College of Intelligent Systems Science and Engineering, Harbin Engineering University, Harbin 150001, China.
School of Computer Information and Engineering, Changzhou Institute of Technology, Changzhou 213032, China.
Genes (Basel). 2021 May 1;12(5):683. doi: 10.3390/genes12050683.
The distinguishable subregions that compose the hippocampus are differently involved in functions associated with Alzheimer's disease (AD). Thus, the identification of hippocampal subregions and genes that classify AD and healthy control (HC) groups with high accuracy is meaningful. In this study, by jointly analyzing the multimodal data, we propose a novel method to construct fusion features and a classification method based on the random forest for identifying the important features. Specifically, we construct the fusion features using the gene sequence and subregions correlation to reduce the diversity in same group. Moreover, samples and features are selected randomly to construct a random forest, and genetic algorithm and clustering evolutionary are used to amplify the difference in initial decision trees and evolve the trees. The features in resulting decision trees that reach the peak classification are the important "subregion gene pairs". The findings verify that our method outperforms well in classification performance and generalization. Particularly, we identified some significant subregions and genes, such as hippocampus amygdala transition area (HATA), fimbria, parasubiculum and genes included and . These discoveries provide some new candidate genes for AD and demonstrate the contribution of hippocampal subregions and genes to AD.

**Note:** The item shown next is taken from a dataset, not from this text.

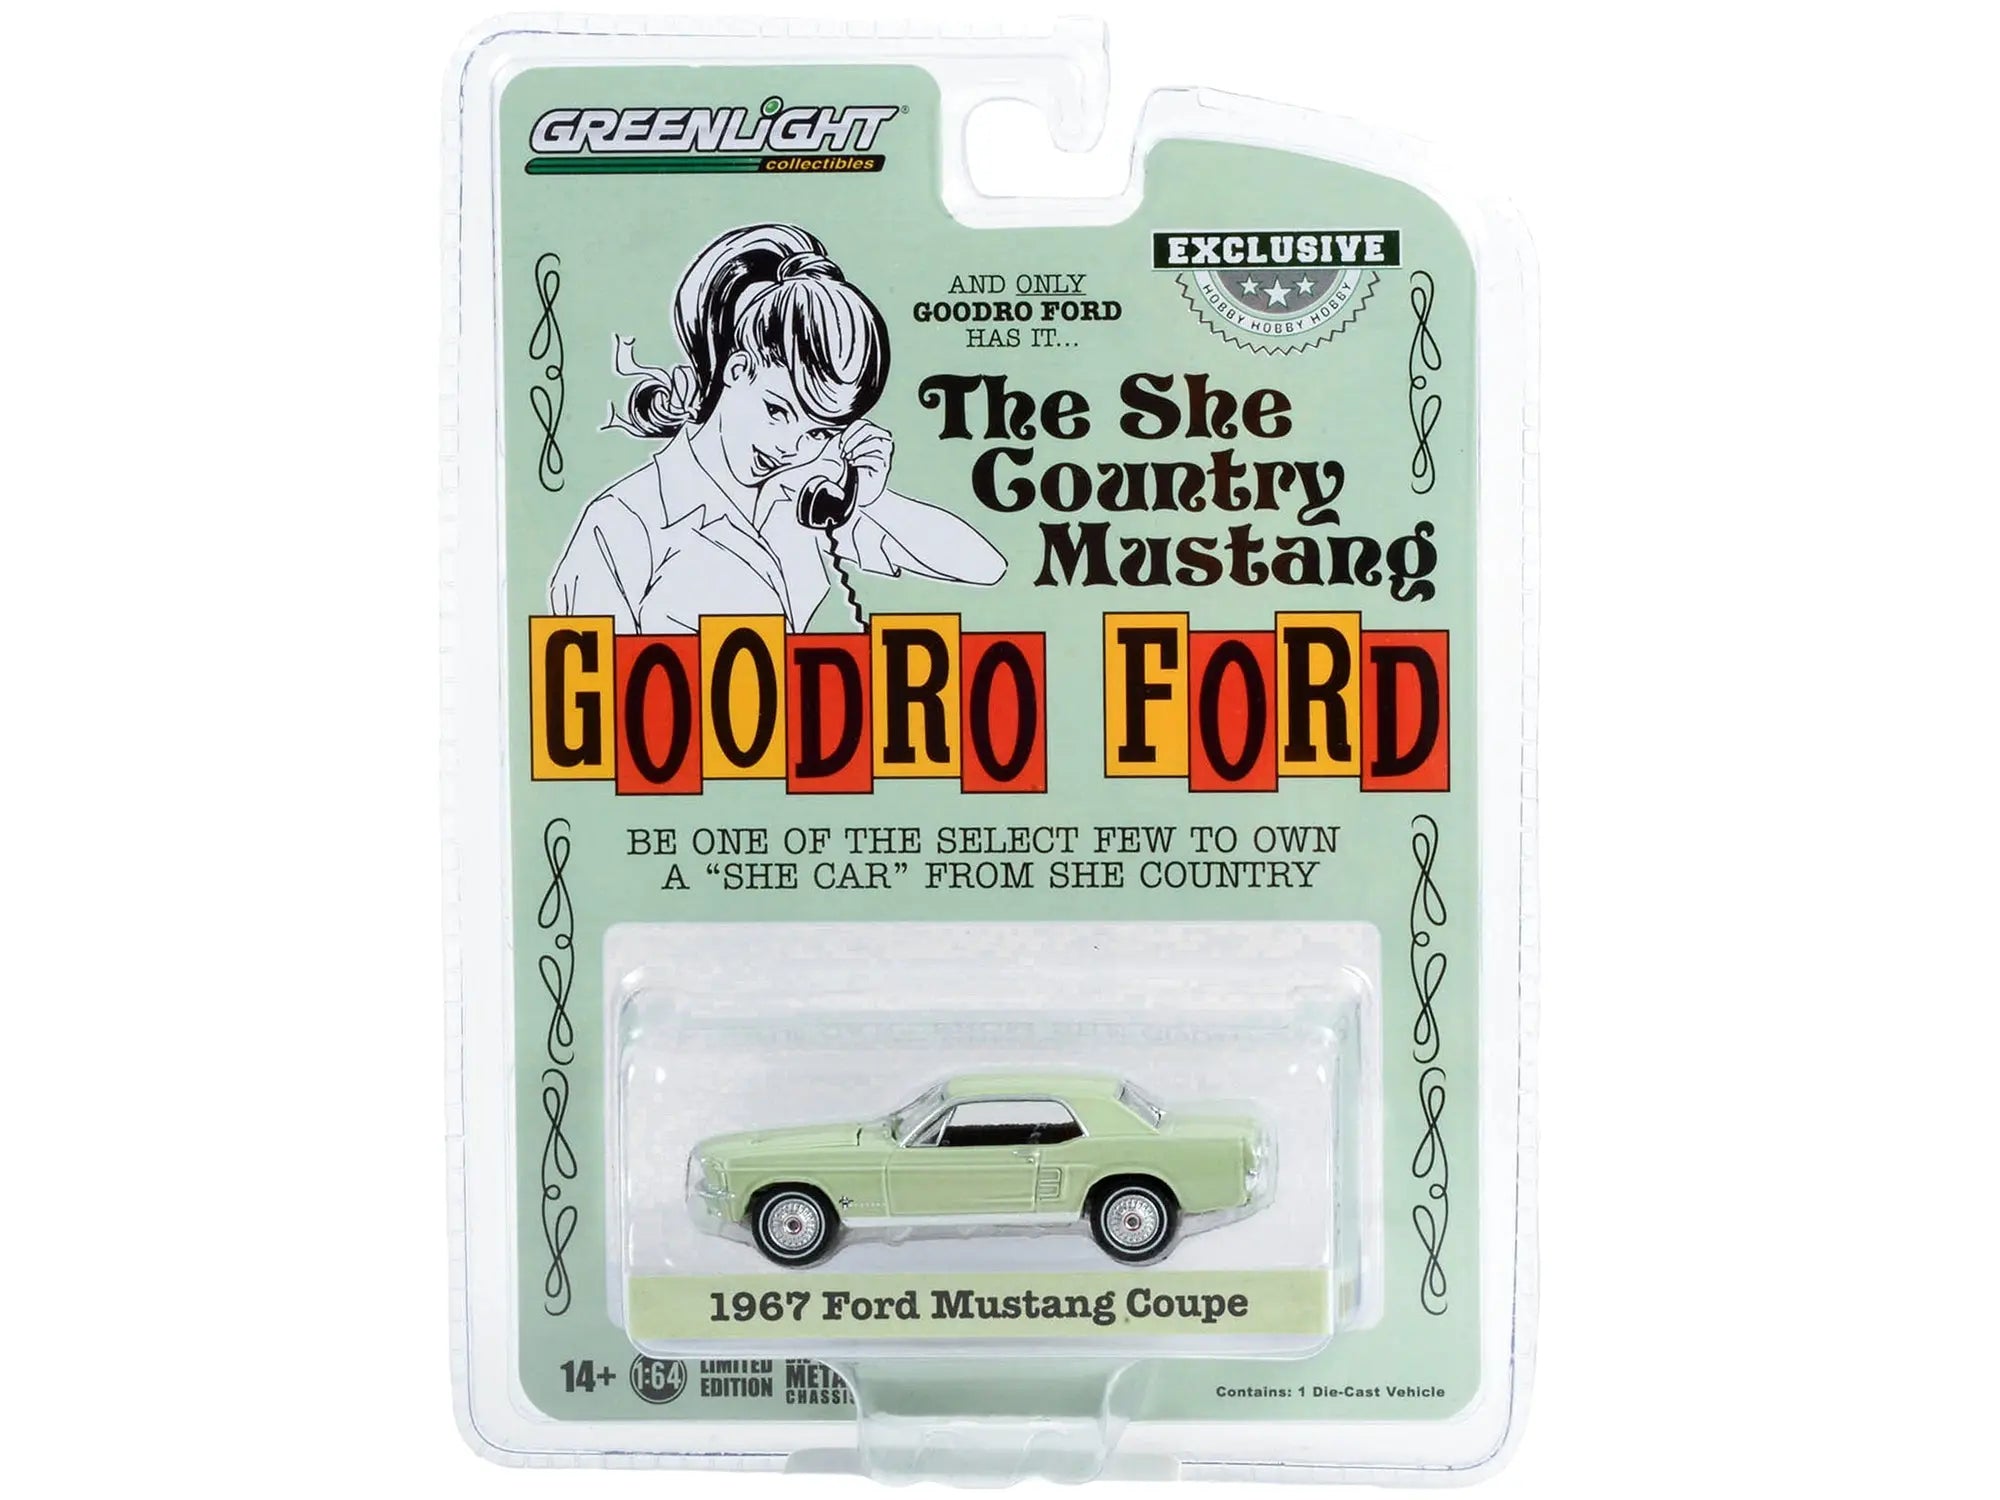 1967 Ford Mustang Limelite Green "She Country Special" "Bill Goodro Ford Denver Colorado" "Hobby Exclusive" Series 1/64 Diecast Model Car by Greenlight Greenlight

组成海马体的可区分亚区在与阿尔茨海默病 (AD) 相关的功能中有着不同的参与。因此,识别海马亚区和基因,以高精度将 AD 组和健康对照组 (HC) 分类是有意义的。在这项研究中,我们通过联合分析多模态数据,提出了一种使用基因序列和亚区相关性构建融合特征的新方法,以及一种基于随机森林的分类方法来识别重要特征。具体来说,我们使用基因序列和亚区相关性构建融合特征,以减少同组之间的多样性。此外,我们随机选择样本和特征来构建随机森林,并使用遗传算法和聚类进化来放大初始决策树之间的差异并进化这些树。在达到峰值分类的决策树中的特征是重要的“亚区基因对”。研究结果验证了我们的方法在分类性能和泛化能力方面的优异表现。特别是,我们确定了一些重要的亚区和基因,如海马杏仁核过渡区 (HATA)、穹窿、副海马旁回和包含的基因 和 。这些发现为 AD 提供了一些新的候选基因,并证明了海马亚区和基因对 AD 的贡献。